Task item: Pictures in the data must not be copied, but everything else should be output exactly.

Data shown:
────────────────

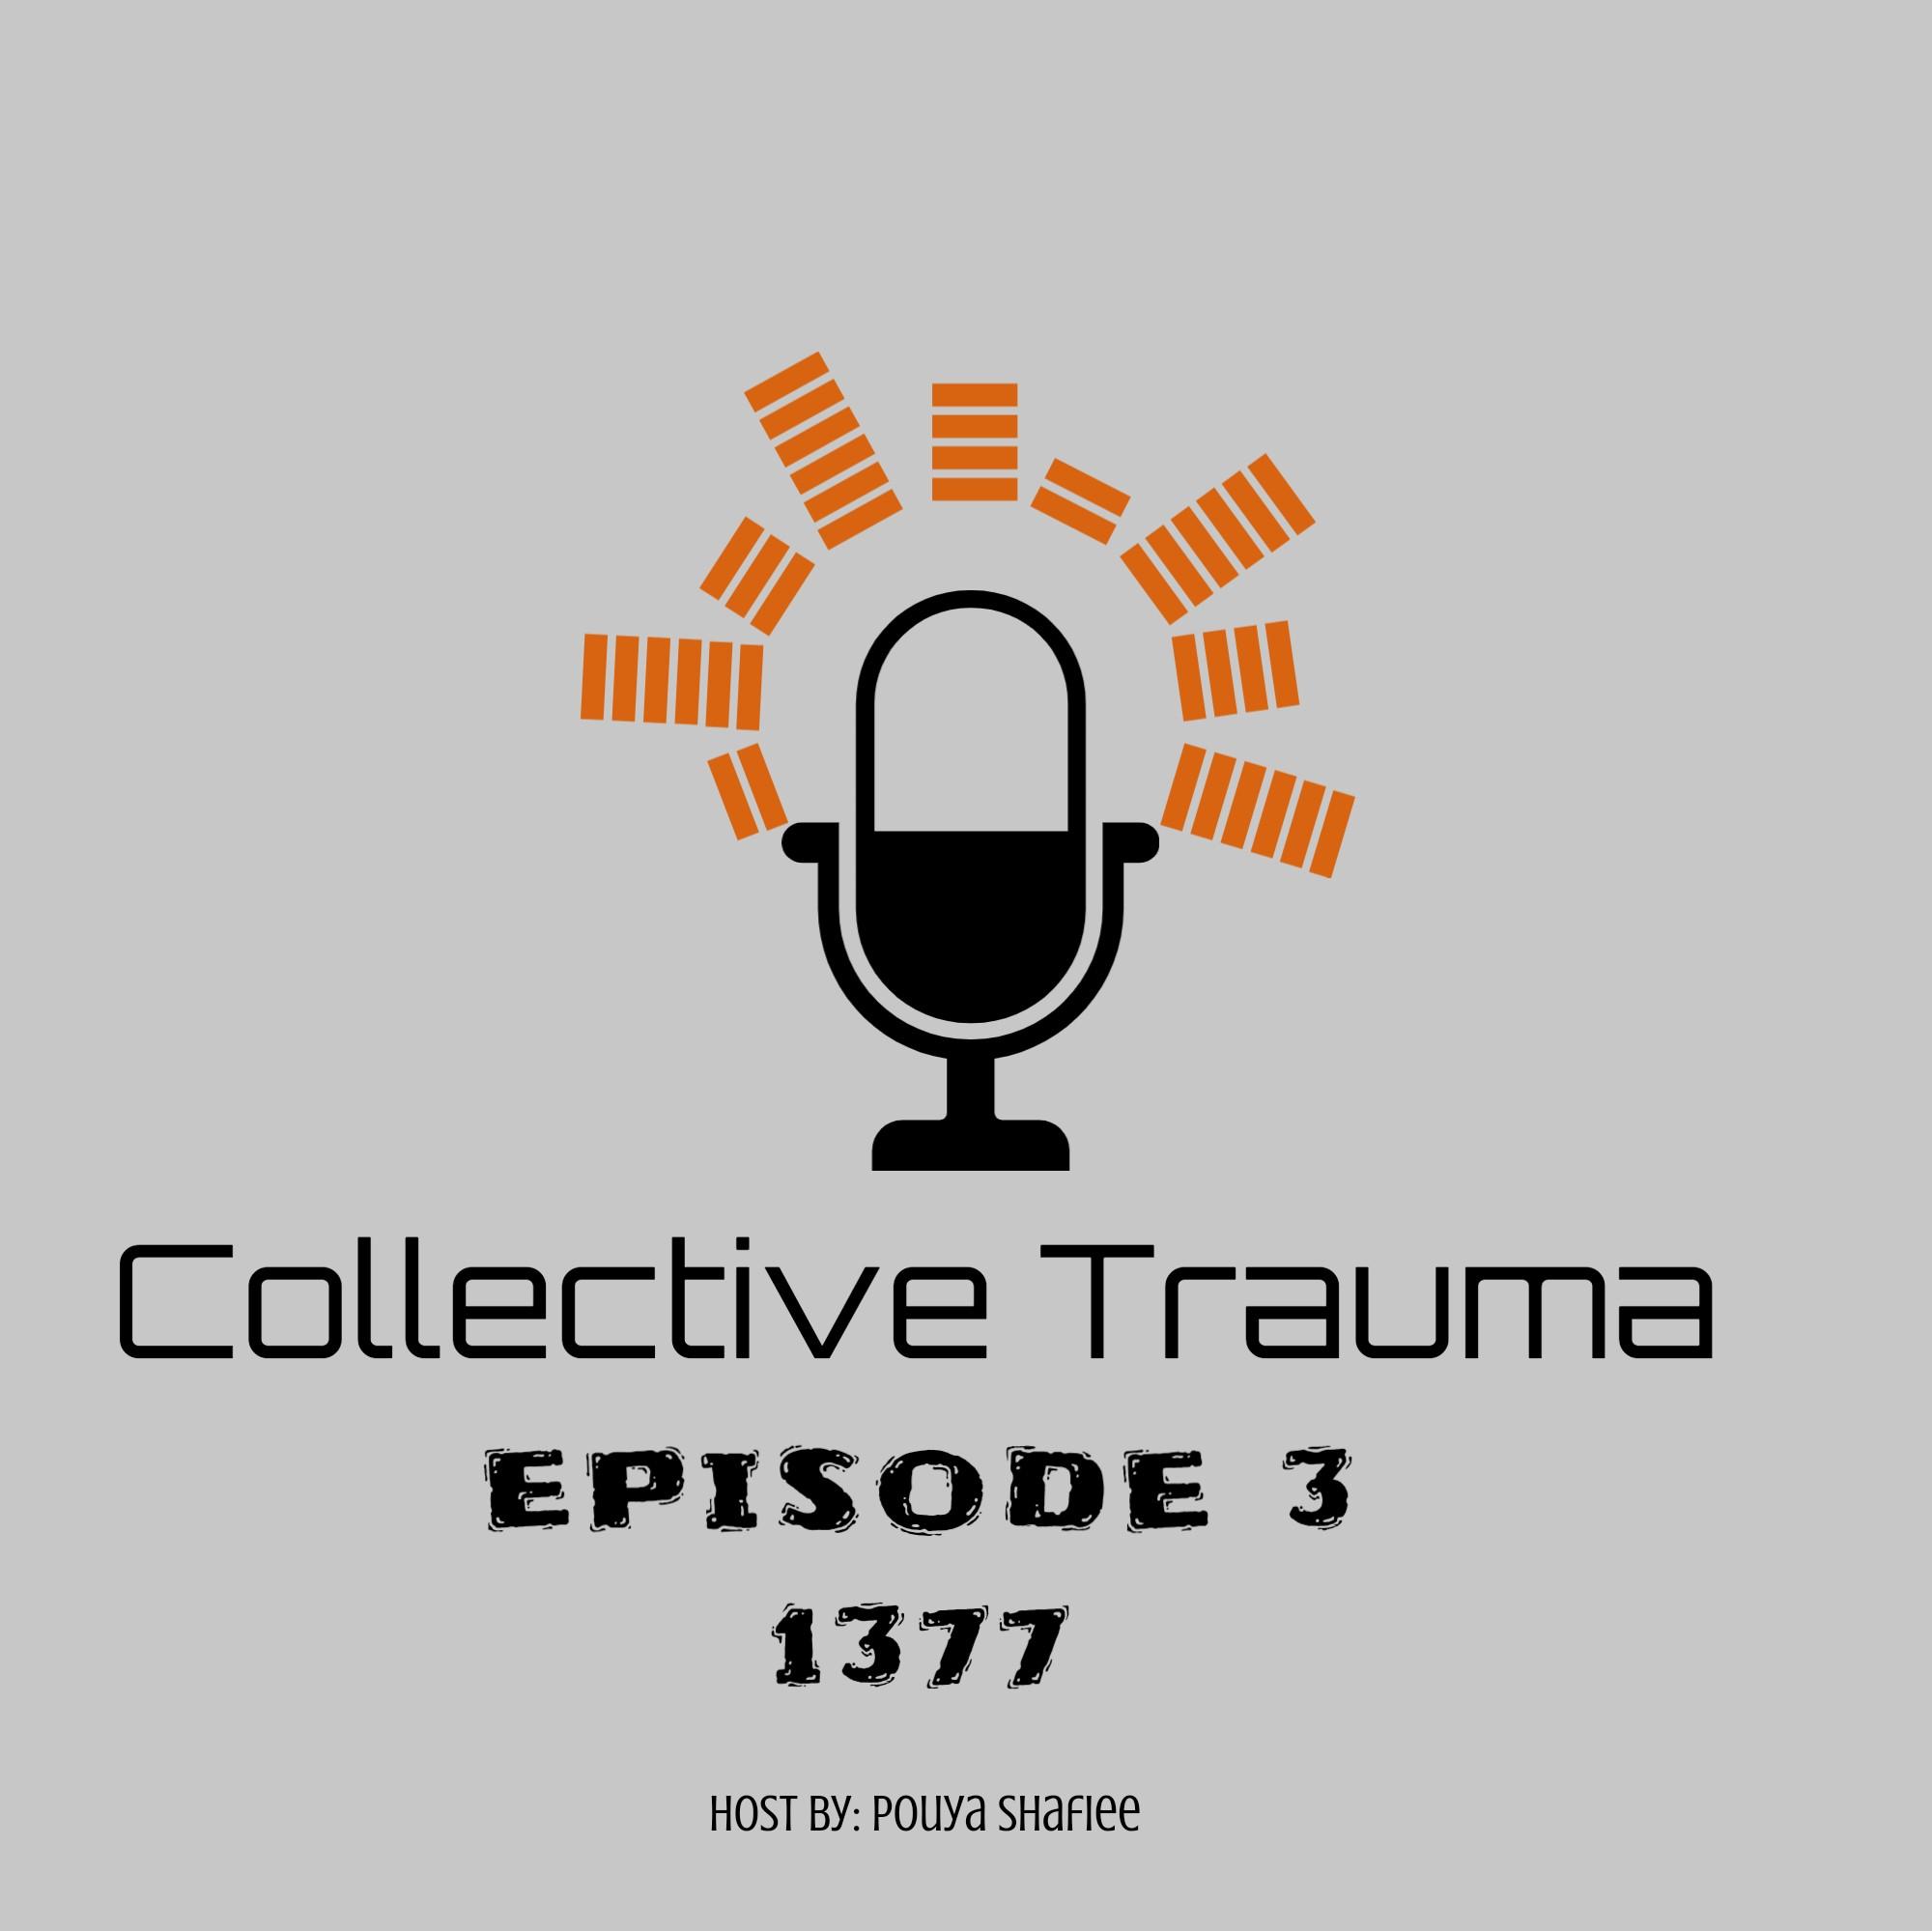 Collective Truma S1E03 اپیزود سوم فصل اول ترومای جمعی
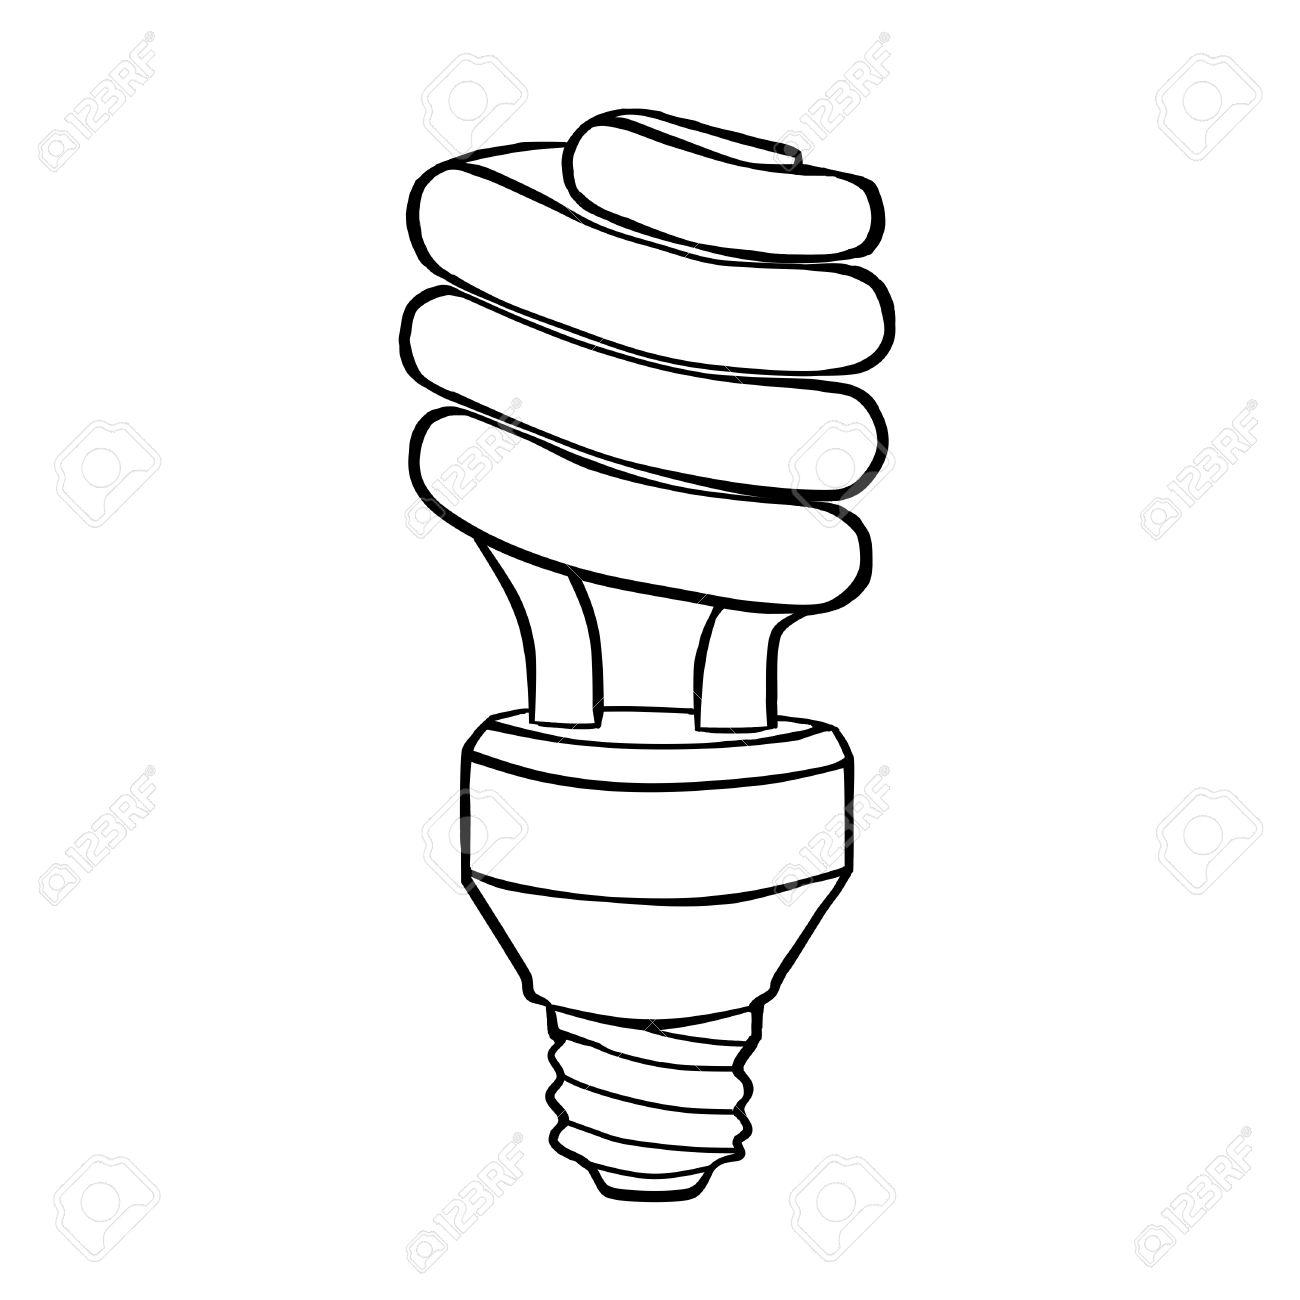 1300x1300 Spiral Energy Saving Electric Discharge Lamp. Contour Drawing
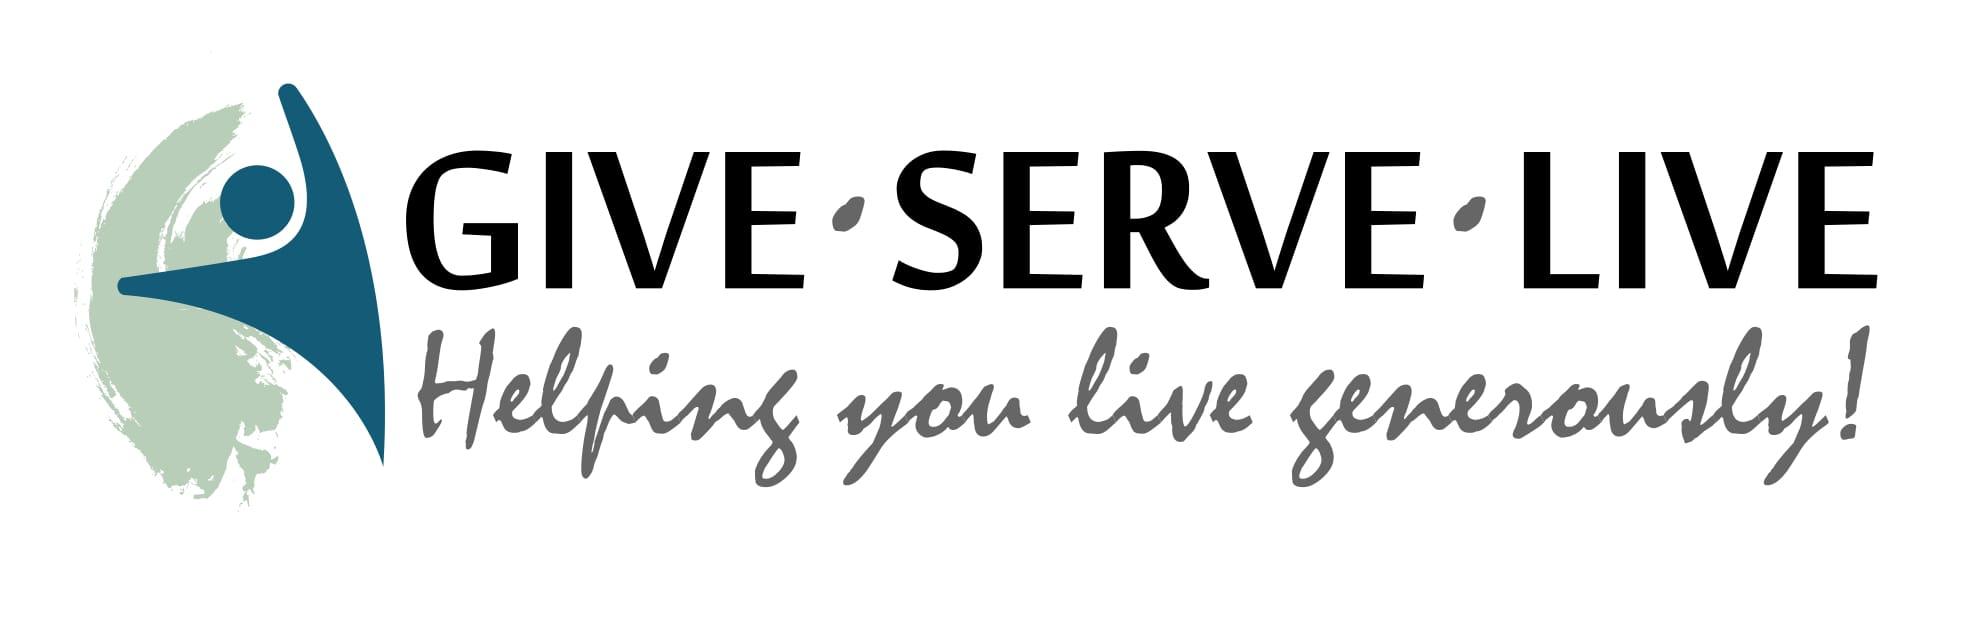 Give Serve Live logo

────────────────

Answer space:
 Collective Truma S1E03 اپیزود سوم فصل اول ترومای جمعی
 1300x1300 Spiral Energy Saving Electric Discharge Lamp. Contour Drawing
 Give Serve Live logo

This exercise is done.